# Top 5 Brands of Collectable flashlights



## lapseofreason (Sep 7, 2009)

What are the top 5 brands of collectable flashlights .Either LED or Xenon


----------



## powernoodle (Sep 7, 2009)

One generally "collects" what one likes, which is subjective and varies from person to person.

I have a zillion lights (see my sig line), but do not consider myself a collector. Almost every light I have purchased was because I intended to use it. Or at least I convinced myself of that. The only exception is the Arc brand, which I do collect. 

For me, the top brands for collecting (if I can characterize it as that) are maybe:

Arc
Fenix
Mag-lite
Surefire
Streamlight


----------



## HKJ (Sep 7, 2009)

lapseofreason said:


> What are the top 5 brands of collectable flashlights .Either LED or Xenon



I will say custom lights: McGizmo, Arc, Lummi and some more.
Another type of lights to collect would be titanium lights.

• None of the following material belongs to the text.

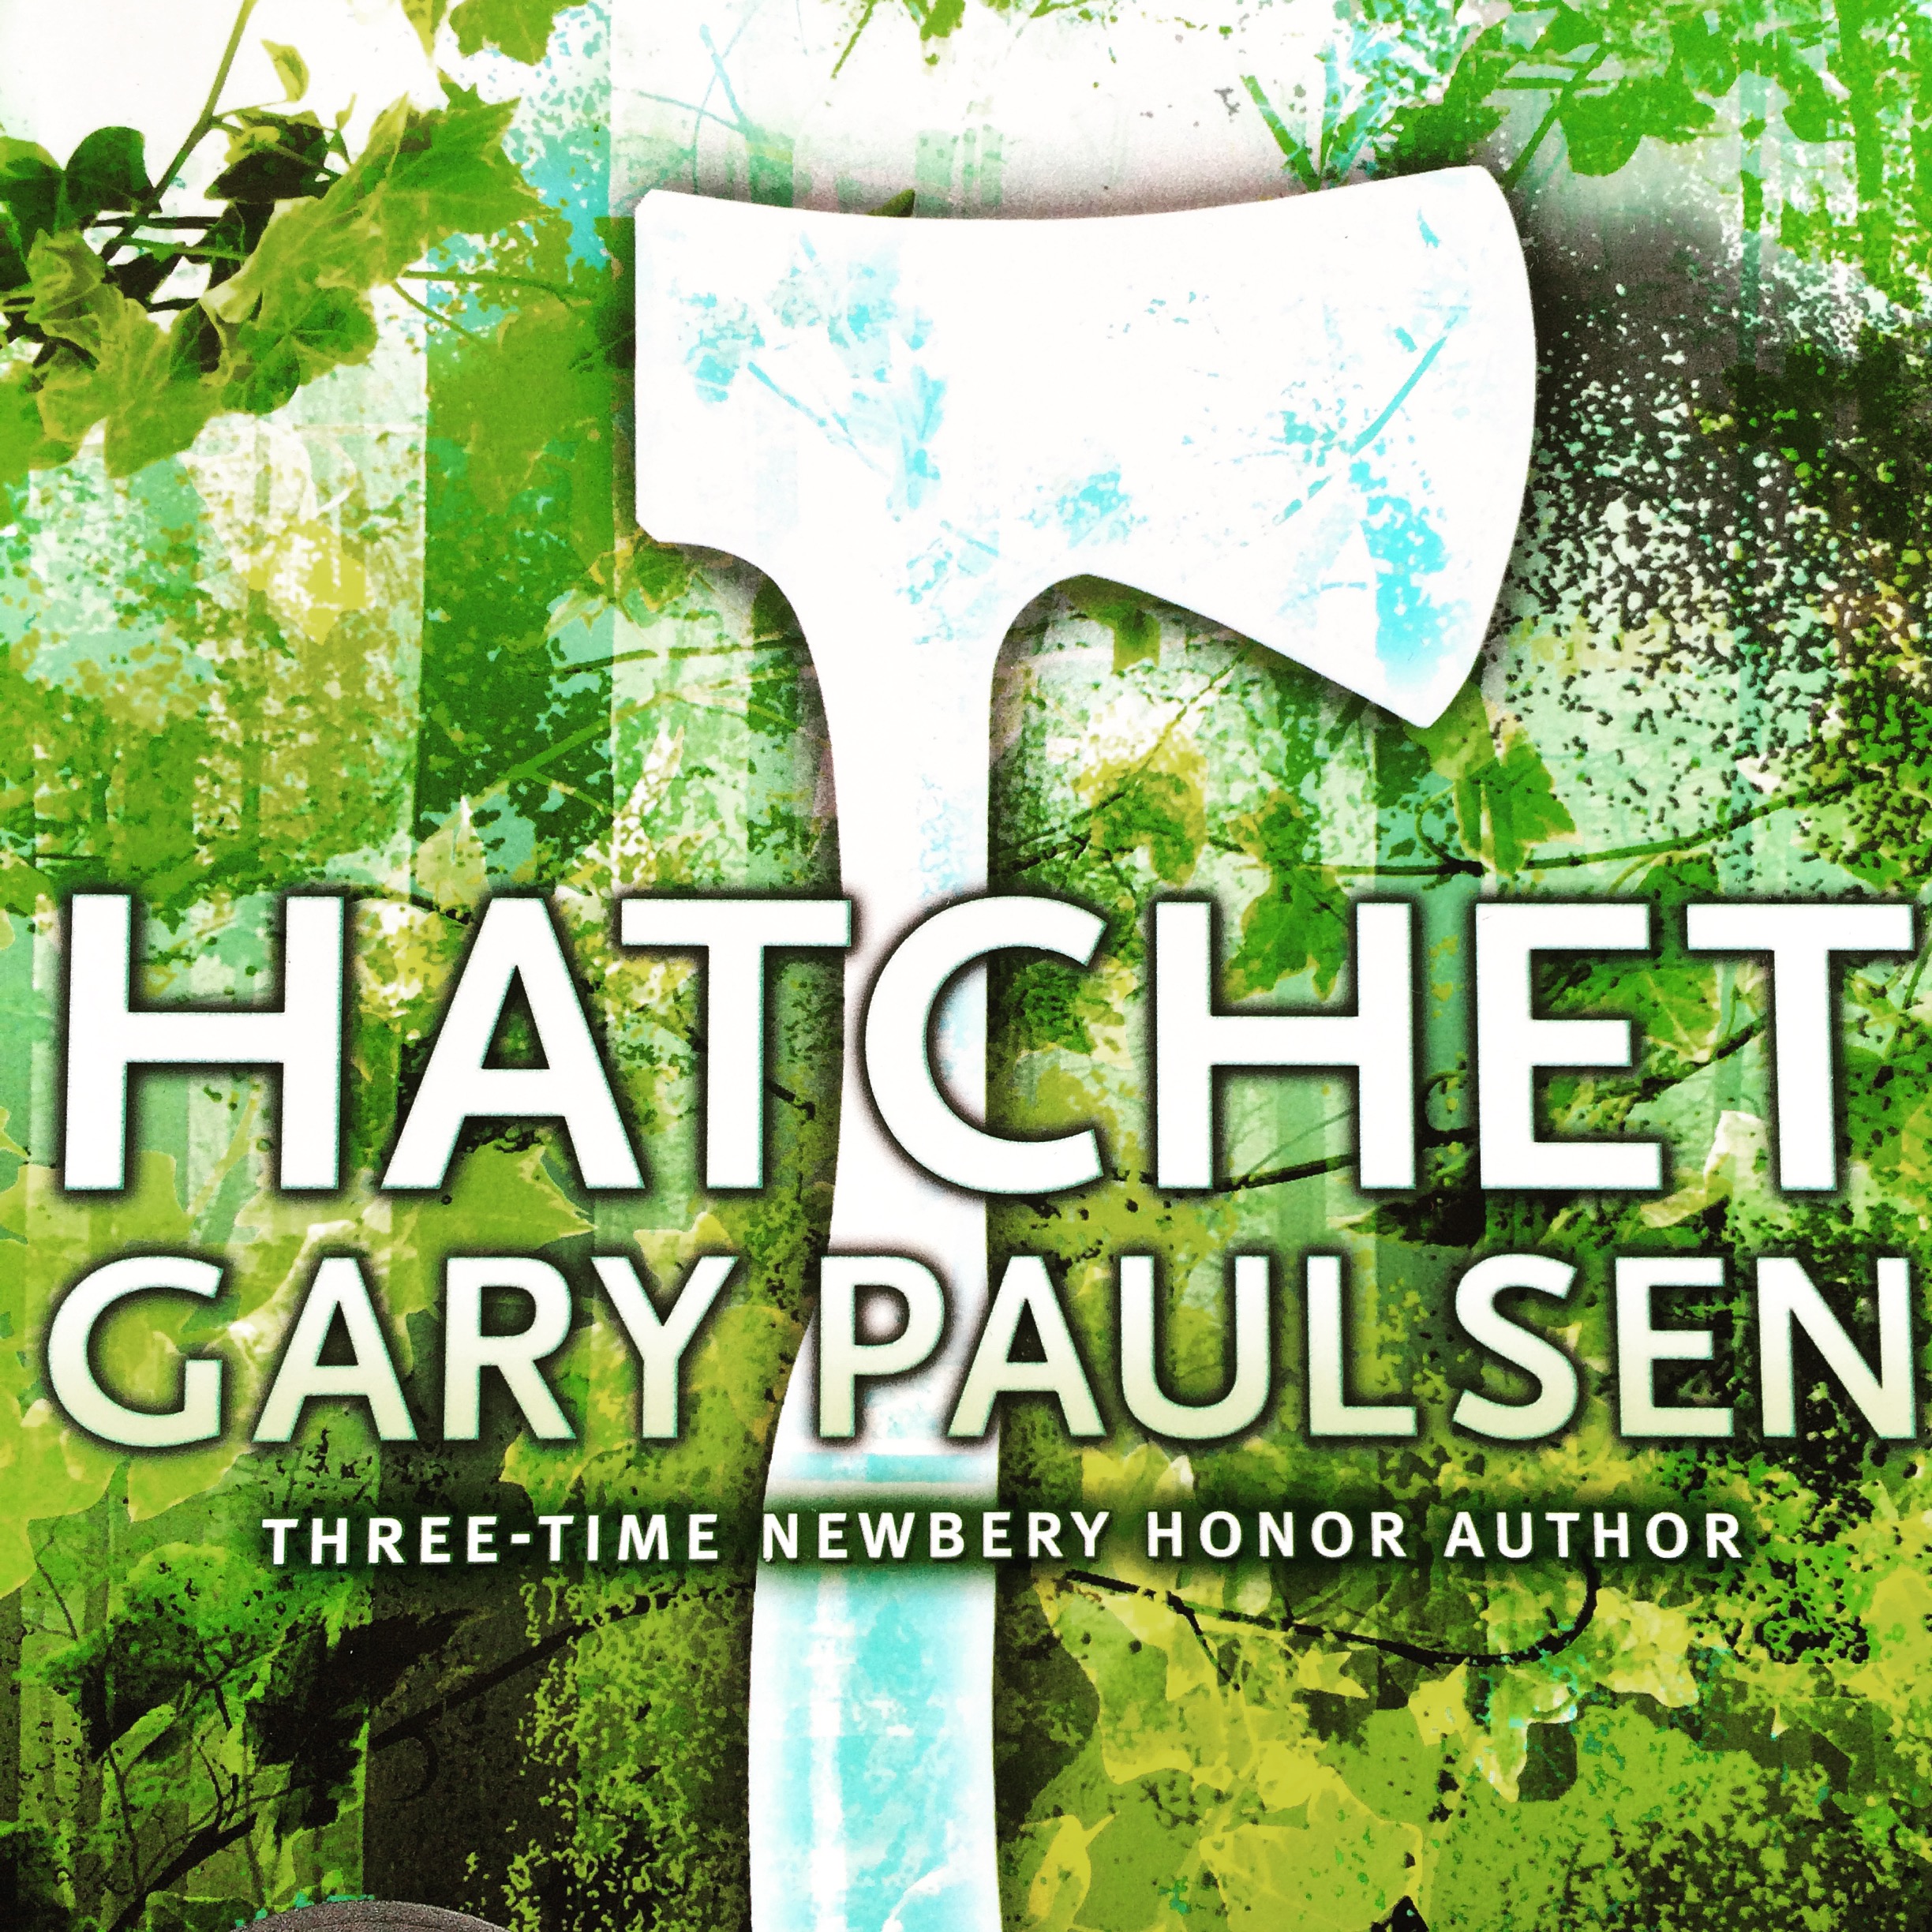 What are the titles of the five books in the Hatchet series by Gary Paulsen?

For "cheaper" collection, some people collect mini Maglight in all the different colors, it might even be one of the most collected lights.


----------



## maxspeeds (Sep 7, 2009)

I don't collect lights. I use them. With that said, I'd have to vote for McGizmo, CoolFall, and TranquilityBase for collectors. See sig This is based off of their limited production, high-end quality, and resale value


----------



## FredericoFreire (Sep 7, 2009)

1 - Surefire
2 - Arc
3 - HDS
4 - Lummi
5 - Ra


----------



## DimeRazorback (Sep 7, 2009)

I _collect_ Surefires.

But I still _buy_ other brands!

:thumbsup:


----------



## jch79 (Sep 9, 2009)

What does collectible mean to you? Highest resale value? Rarest? Oldest? :shrug: 

IMHO, rare metal, small run flashlights are the most collectible. YMMV, but here's what I consider to be the cream of the crop for modern-made collector's lights (in no particular order):

*PhotonFanatic
Cool Fall
McGizmo
TranquillityBase
Lummi*

All five makers produce some of the finest looking and exceptionally-made lights, all of which are a pleasure to own and to _use_.

:thumbsup: john


----------



## jp2515 (Sep 9, 2009)

DimeRazorback said:


> I _collect_ Surefires.
> 
> But I still _buy_ other brands!
> 
> :thumbsup:



Agreed! Same here, I collect SF but I purchase/carry more often other brands


----------



## lctorana (Sep 10, 2009)

I don't collect on brand, although I do look out for Eveready and Upson.

My criteria is:

* more than 30 years old, and preferably a LOT older
* preferably Australian made
* a good make (e.g. Eveready or Upson, as above)
* good condition
* was a well-made and desirable model to begin with
* period dead batteries are a bonus.

All of those are negotiable, but IMHO, it's not "collectible" unless it fits at least one of the above criteria.

Just my own opinion for me.


----------



## Nyctophiliac (Sep 10, 2009)

Ictorana - I like that you collect vintage lights - too many people here only like what's new and groovy. Keep up the good work.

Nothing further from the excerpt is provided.